DE-20 — CLint descriptor upgrade (2026-03-30)

Feature selection top-300 + Optuna: CLint scaffold CV R² 0.279 → 0.399 (+0.120). Holdout Meta AAFE +0.012 (17th error-cancellation regression). Regularization is not the ceiling; data quality is.

DE-21 — Full predict replacement (2026-03-30)

All ADME models re-optimized simultaneously. CLint +0.033, fup +0.042, VDss +0.057 in R². Engine AAFE +0.165, Meta AAFE +0.023 worse. Partial OR whole replacement fails under the current pipeline.

DE-22 — ML Mordred features (2026-03-30)

Mordred 1,613 descriptors + ensemble (XGB + LGB + Ridge). CV AAFE 3.410 < Morgan 3.750, but Holdout AAFE 2.848 > Morgan 2.336. At N≈1,100, dense features CV-overfit.

DE-23 — Delta model / MOS (2026-03-31)

log10(Cmax) = log10(Engine) + Delta(features). Delta variance 46% of Cmax variance. Holdout: Delta-only 3.528, Delta+ADME 8.450 (catastrophic overfit). Engine error is non-systematic → ML correction impossible.

DE-24 — k-NN read-across (2026-03-31)

Morgan FP Tanimoto (median 0.464), k=20 similarity-weighted: AAFE 3.049. 3-way blend w_knn=0.00. r(ML, kNN) = 0.690 (correlated errors). Oracle 3-track 1.689 (28/107 drugs kNN best) but no fixed weight exploits it.

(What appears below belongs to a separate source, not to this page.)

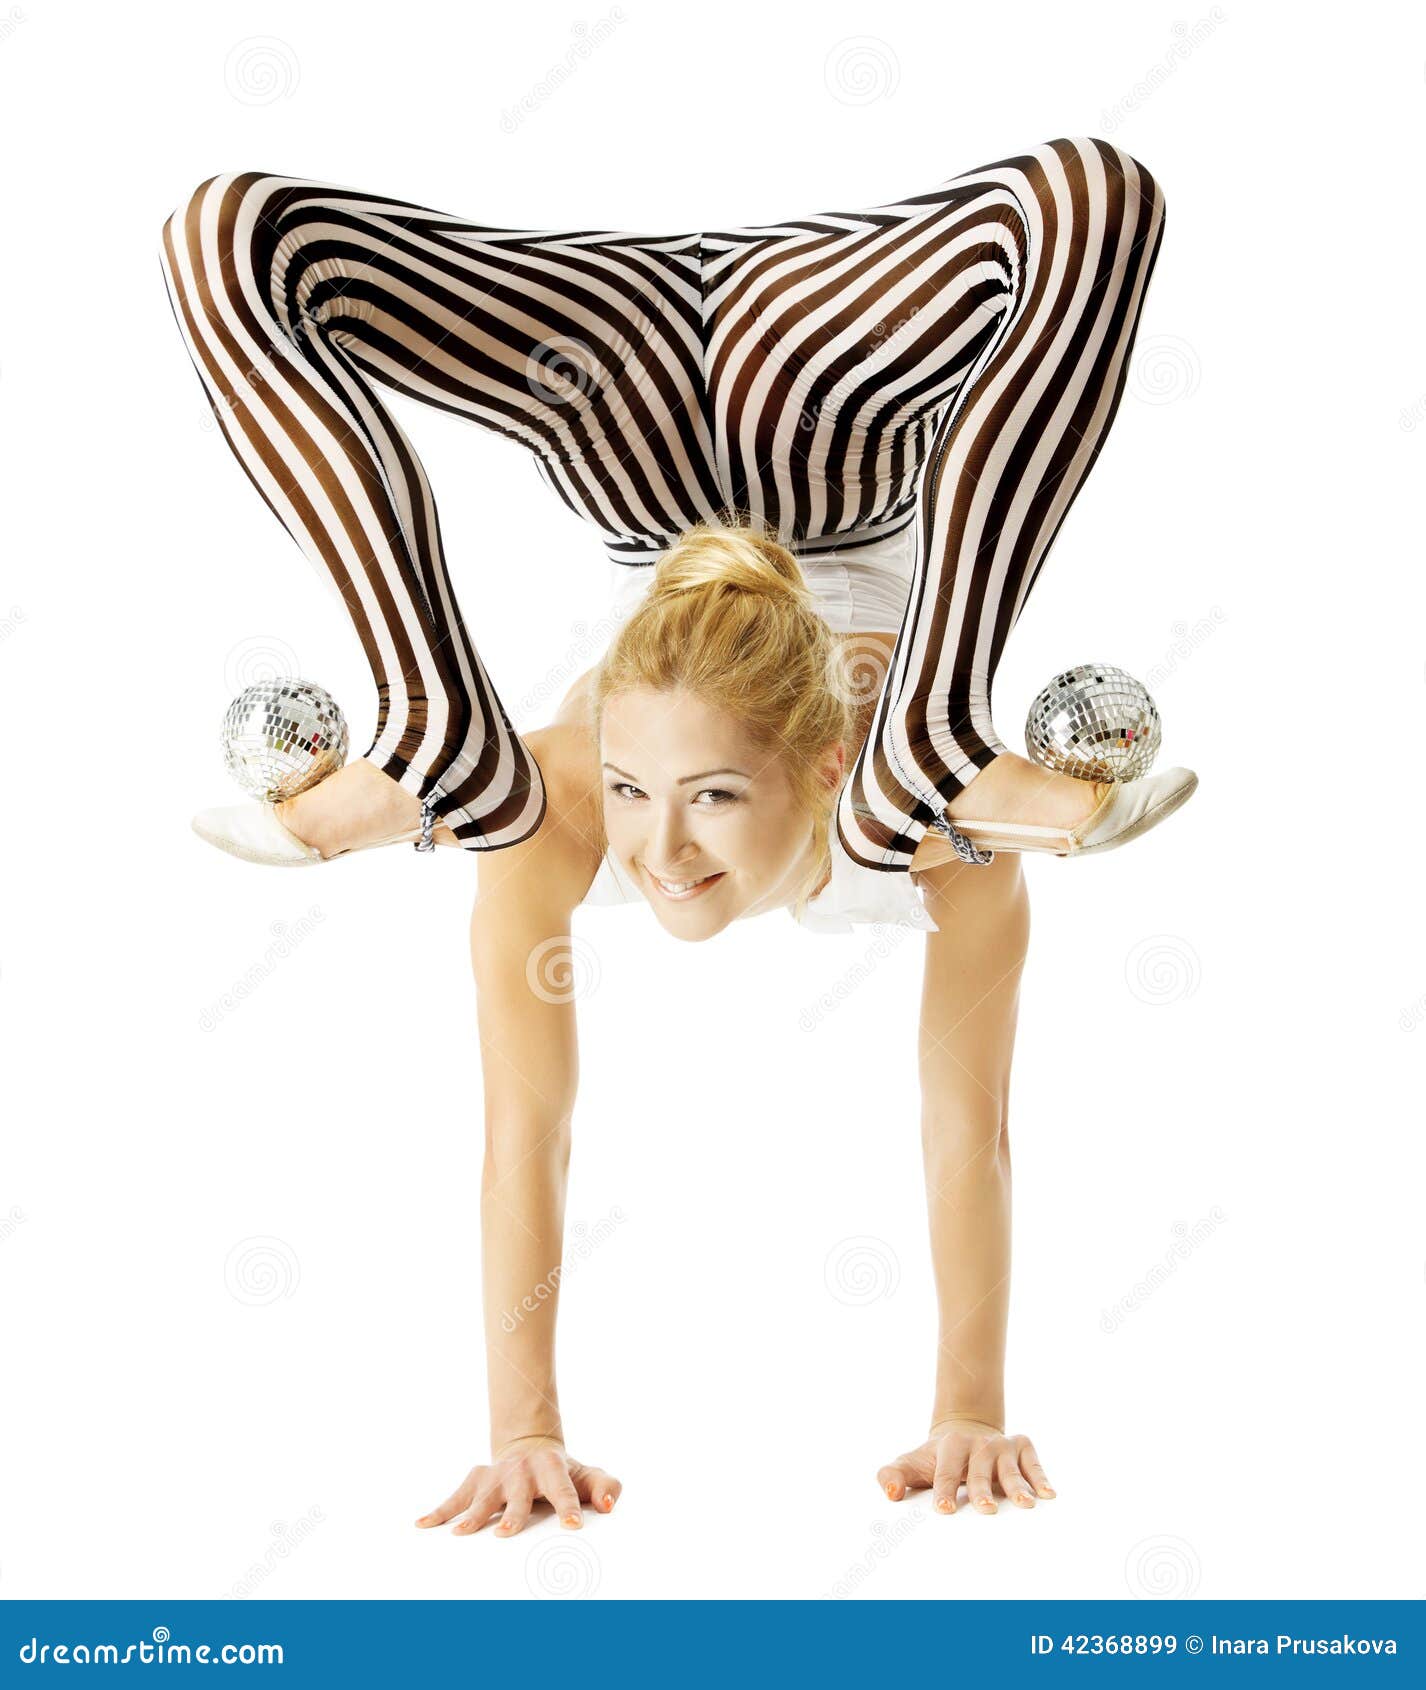 https://thumbs.dreamstime.com/z/circus-gymnast-woman-flexible-body-standing-arms-upside-down-balancing-balls-feet-isolated-white-background-42368899.jpg

DE-25 — Post-hoc meta-learner (2026-04-01)

OOF Stacking (Ridge), ACF (Analog Correction Factor), Winsorized — 6 variants. None beat baseline meta 2.277. Stacking V1: 2.420 (OOF-Full gap r=0.81 destroys transfer), ACF k=5: 3.005 (neighbor fold-error std 0.67, noisy), Winsorized cap=0.5: 2.300 (same). Stacking+ACF combined — no effect. 23rd negative.

DE-26 — 10-method meta-learner tournament (2026-04-01)

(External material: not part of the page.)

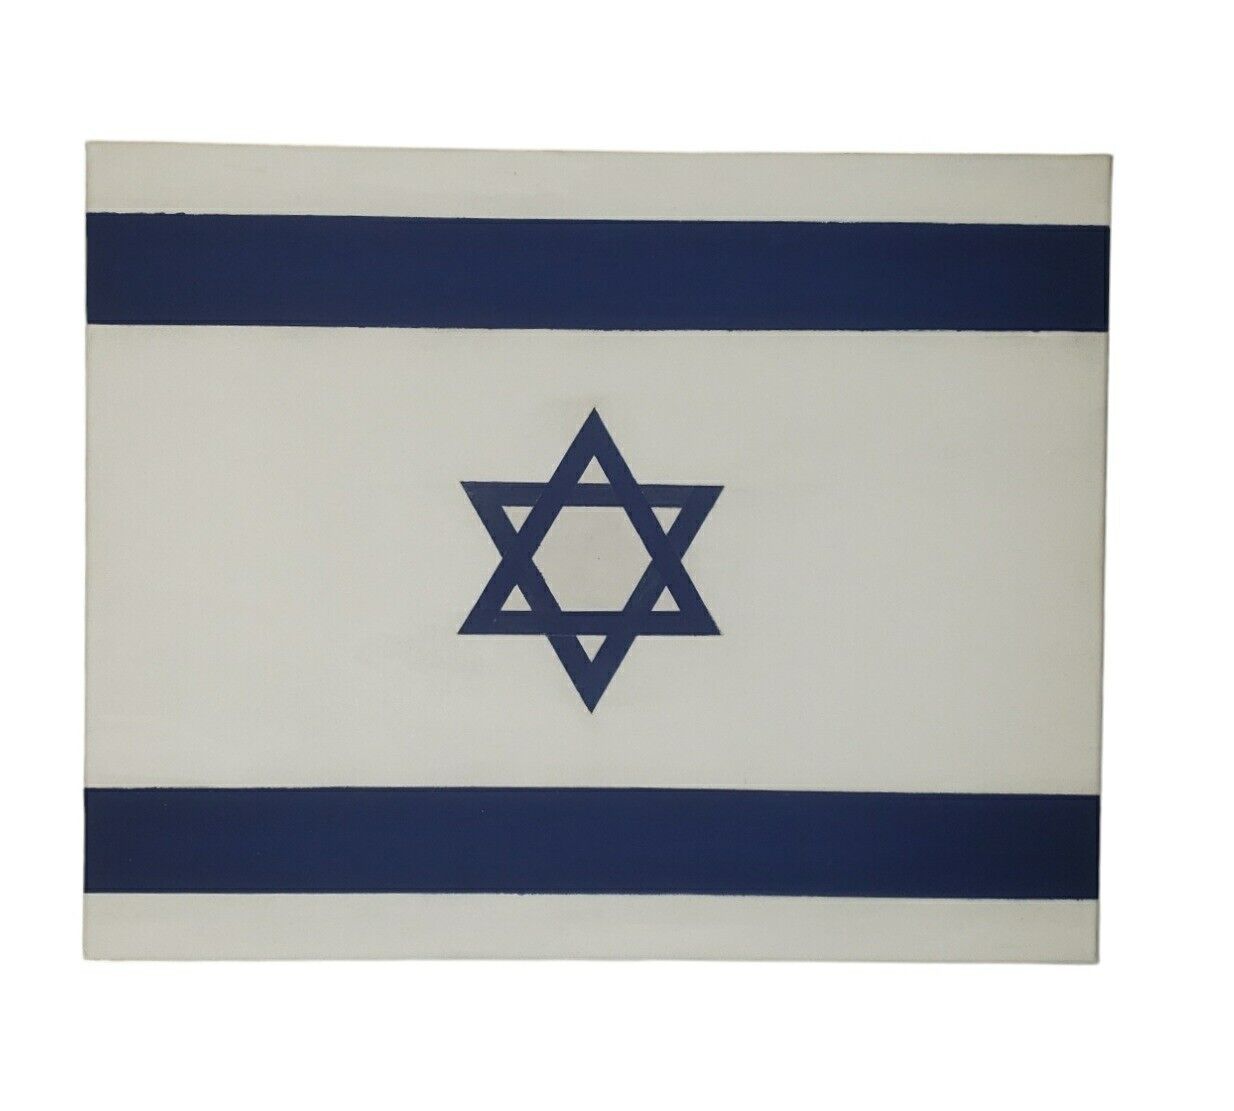 Israel Flag Painting Hard Edge Painting On Canvas By Artist H. Bar

5 PK-domain + 5 cross-domain. Every entry: Isotonic Engine Cal. (+0.325), ER-Proxy Routing (tie), Error Direction Clf (+0.055, 64.2% acc), CLint-Stratified (+0.006), AAFE-Direct Optim (+0.082), Quantile XGB (+0.602), Local BMA (+0.081), Caruana Ensemble (+0.090), Disagree-Sigmoid (+0.014), Trimmed AAFE (+0.097). All 10 have error correlation r>0.986 with baseline. Compound-type-adaptive geometric blend is provably near-optimal. 24th negative (cumulative 33 methods).

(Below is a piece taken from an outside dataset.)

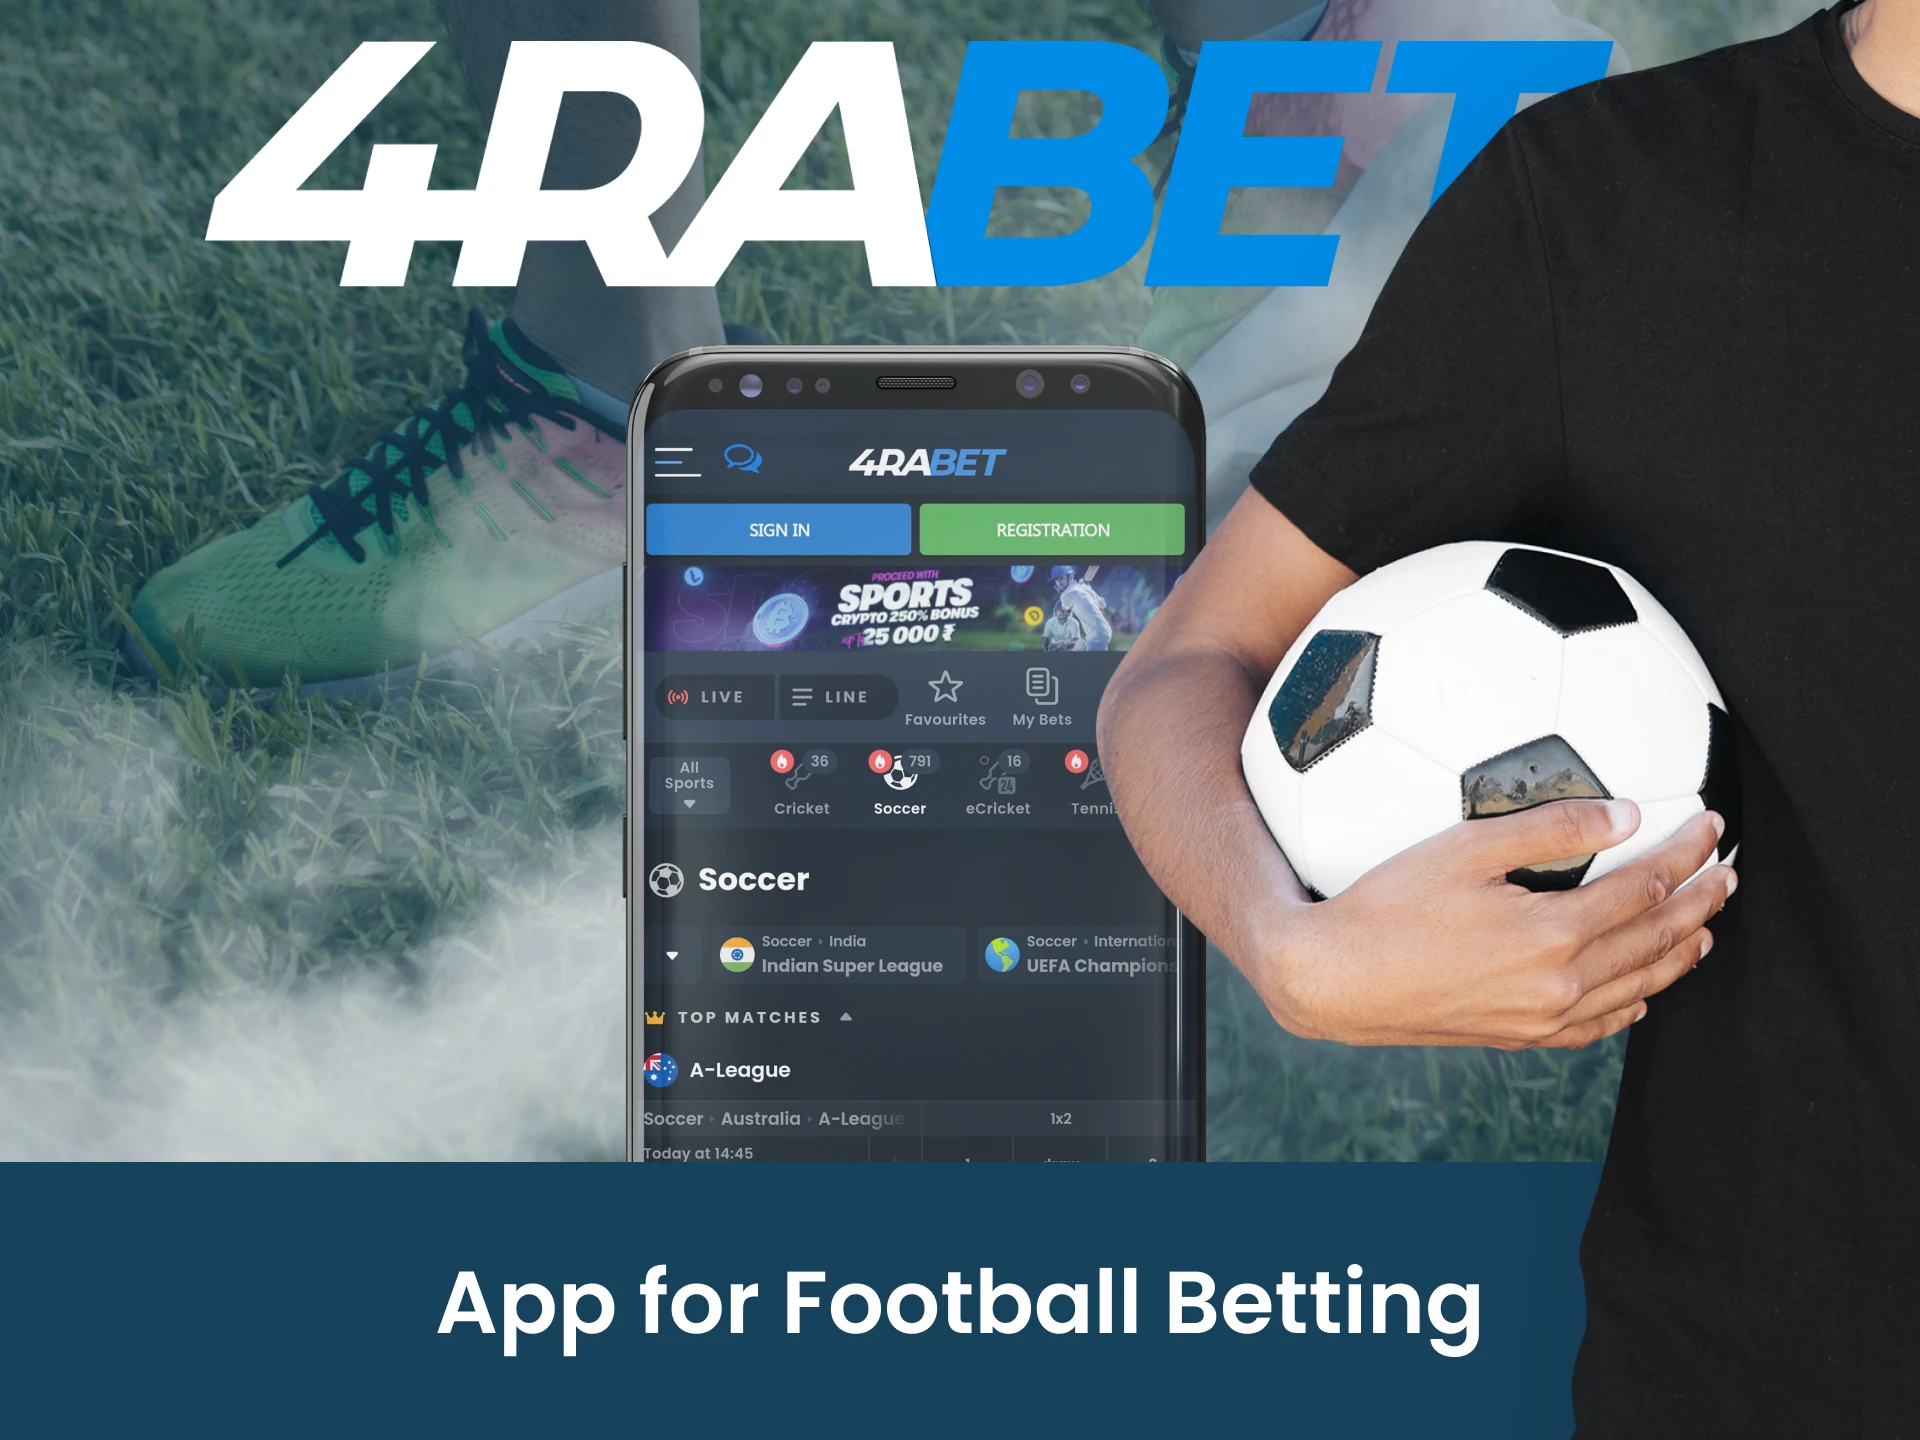 4rabet app is very useful for football betting via your smartphone.

DE-27 — Kinase class-aware meta weights

After diagnosing kinase batch under-prediction, scripts/class_aware_meta_benchmark.py swept kinase-class weights. Meta AAFE 2.277 tie; 1,765-cell weight cache generated; no combo beats baseline. data/validation/class_aware_meta_results.json.

DE-28 — F% bioavailability predictor

DrugBank 527 drugs, XGB (scripts/train_bioavailability.py). Standalone + meta integration both negative. data/validation/f_predictor_negative_result.json. F% does not unlock error cancellation the way VDss did.

DE-29 — Direct CL / half-life predictors (post-VDss, 6 variants)

xgboost_clearance_v1.json + xgboost_thalf_v1.json. 6 combinations all negative. data/validation/post_vdss_negative_results.json. Falsifies the interpretation that “VDss’s IVIVE bypass” is what made VDss work — the real reason is clearance-orthogonality (see diagnosis.md §4).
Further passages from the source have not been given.